Yates’ Continuity Correction
This is a special adjustment used only for \(2 \times 2\) tables (where \(df = 1\)). It makes the test a bit more conservative.Modified formula: \(\chi^2 = \sum \frac{(|O - E| - 0.5)^2}{E}\)
The vertical bars \(|O - E|\) mean "the positive difference" (ignore any minus signs). Subtract 0.5 from that difference before squaring.Did you know? Yates' correction is named after Frank Yates, a British statistician.

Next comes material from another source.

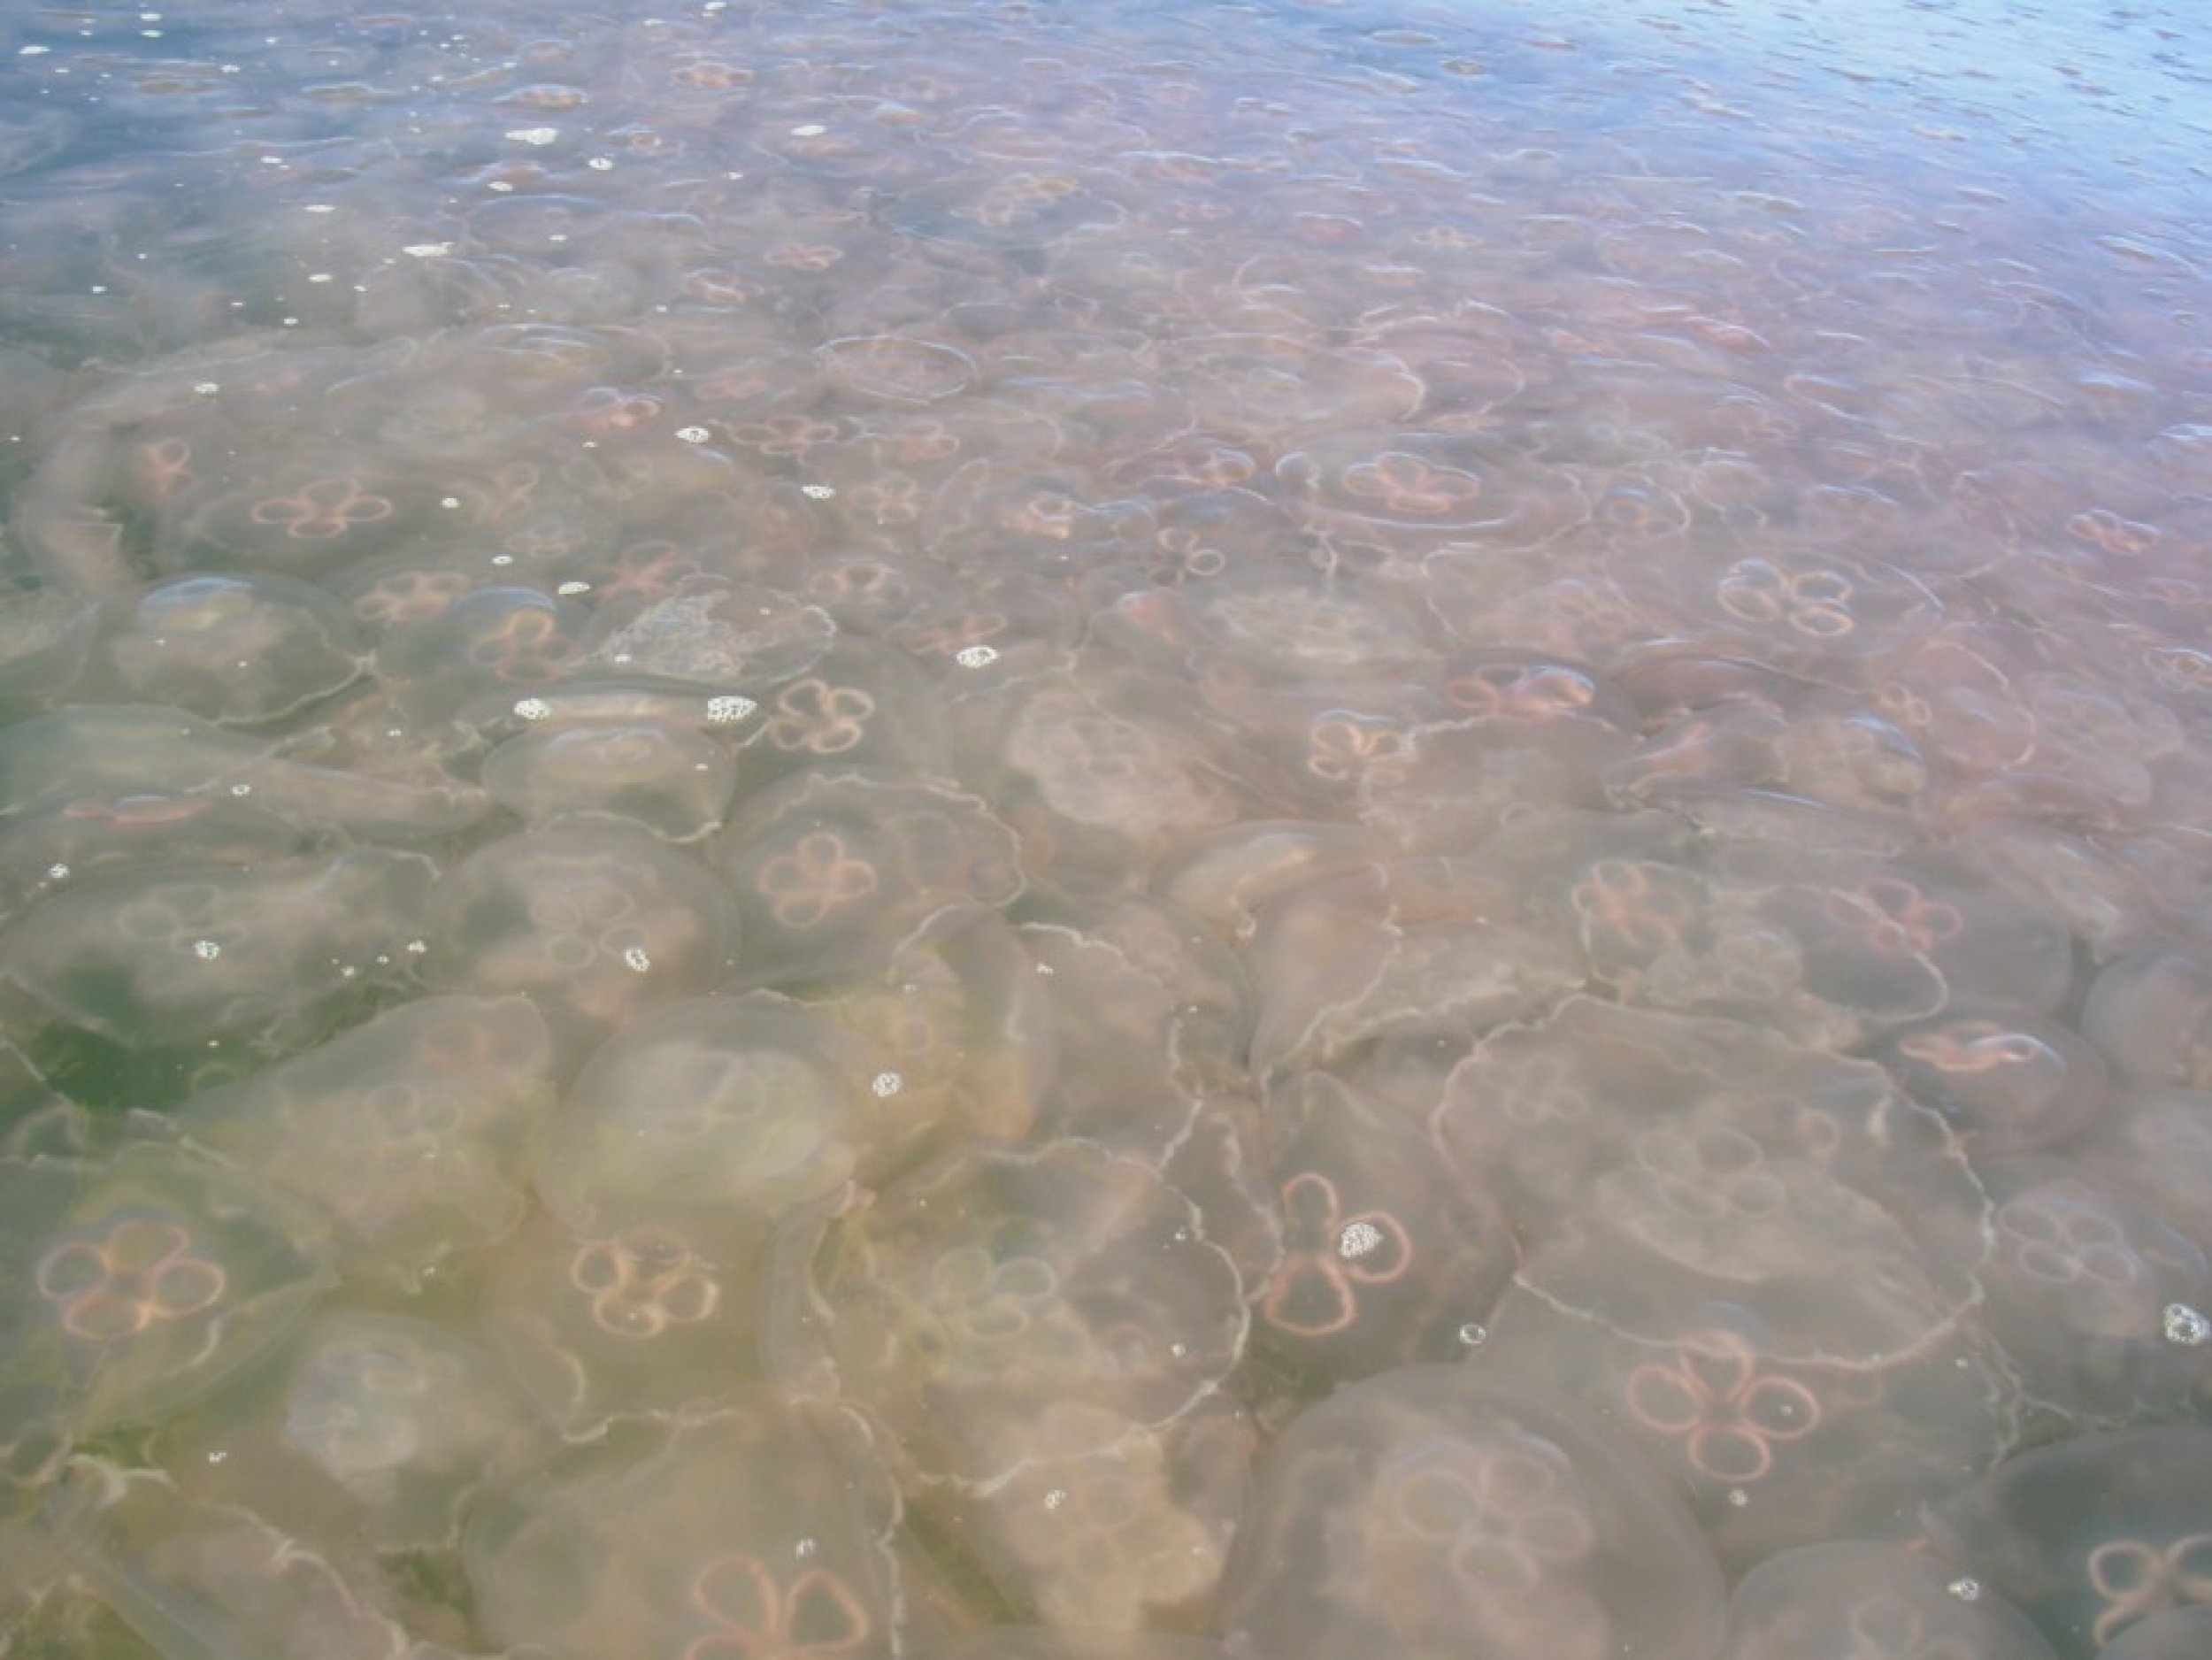 Four nuclear reactors in Japan, Israel and Scotland were forced to shutdown due to infiltration of enormous swarms of jellyfish, which clogged the seawater cooling system of the plants.
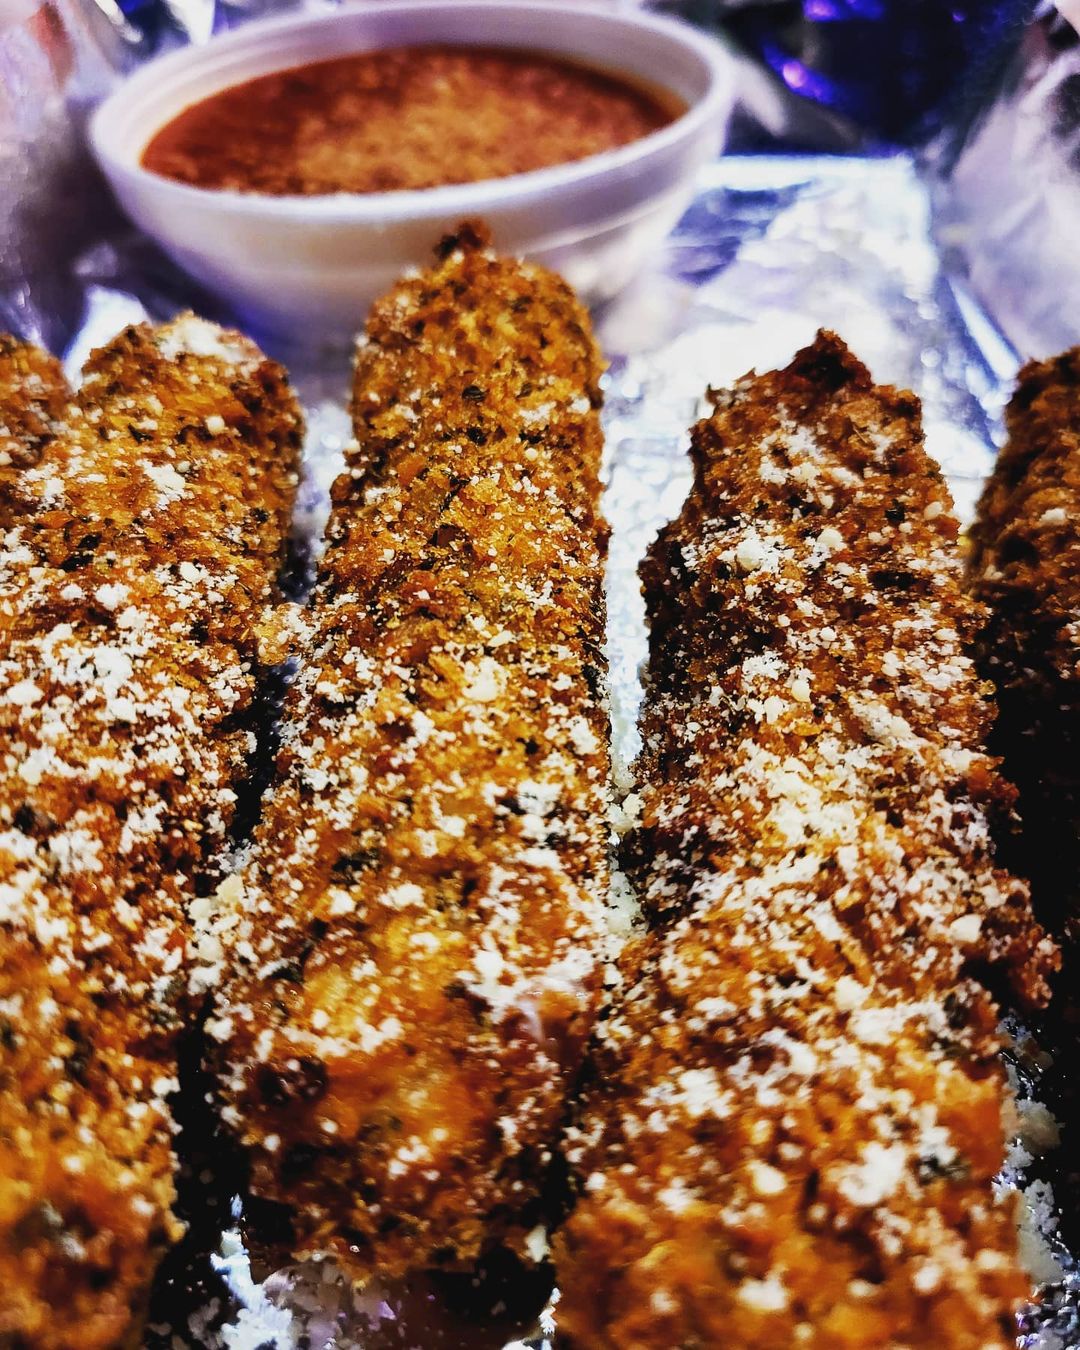 A plate of fried chicken sticks with dipping sauce.

It’s like a "safety buffer" to make sure we don't accidentally claim a relationship exists when it might just be luck!
### 4. Goodness of Fit Tests A "Goodness of Fit" test checks if your data follows a specific theoretical distribution, like a given ratio, a proportion, or a discrete uniform distribution.
Types of Fitting
- Given Ratios: For example, testing if a plant's offspring follow a genetic ratio of \(3:1\). If you have 100 plants, you'd expect 75 of one type and 25 of the other.
- Discrete Uniform Distribution: This is when you expect every outcome to be equally likely. If you have \(n\) categories and \(N\) total observations, every \(E = \frac{N}{n}\).
Degrees of Freedom for Goodness of Fit
For these tests:\(df = \text{number of cells} - 1\)
Note: If you combined classes to satisfy the \(E \ge 5\) rule, the "number of cells" refers to the new number of categories after combining.Common Mistake to Avoid: Students often use the total number of observations to calculate \(df\). Remember, \(df\) is based on the number of categories (cells), not the number of people or items you counted!
### 5. Step-by-Step: How to Run the Test When you're in the exam, follow these steps to stay organized:
- State your Hypotheses: Write down \(H_0\) and \(H_1\) clearly.
- Calculate Expected Values (\(E\)): Use the total and the distribution/ratio given.
- Check the \(E \ge 5\) Rule: If any \(E < 5\), combine categories and recalculate \(df\).
- Calculate the \(\chi^2\) Statistic: Use the formula \(\sum \frac{(O-E)^2}{E}\) (and Yates' if it's a \(2 \times 2\) table).
- Find the Critical Value: Look up the value in the provided table using your \(df\) and the significance level (e.g., 5%).
- Compare and Conclude:
- If calculated \(\chi^2\) > critical value: Reject \(H_0\). There is evidence of a pattern/connection.
- If calculated \(\chi^2\) < critical value: Do not reject \(H_0\). There isn't enough evidence to suggest a pattern.
Encouragement: Step 4 can involve a lot of small calculations. Take your time and maybe use a table format to keep track of your \((O-E)^2 / E\) values. Accuracy here is key!
### Final Summary: The Big Picture
What you've learned:
- \(\chi^2\) measures the "gap" between what we see (\(O\)) and what we expect (\(E\)).
- Independence Tests use \((r-1)(c-1)\) degrees of freedom.
- Goodness of Fit tests check against specific patterns or ratios.
- Expected values must be \(\ge 5\); otherwise, combine classes.
- Yates' correction is your best friend, but only for \(2 \times 2\) tables!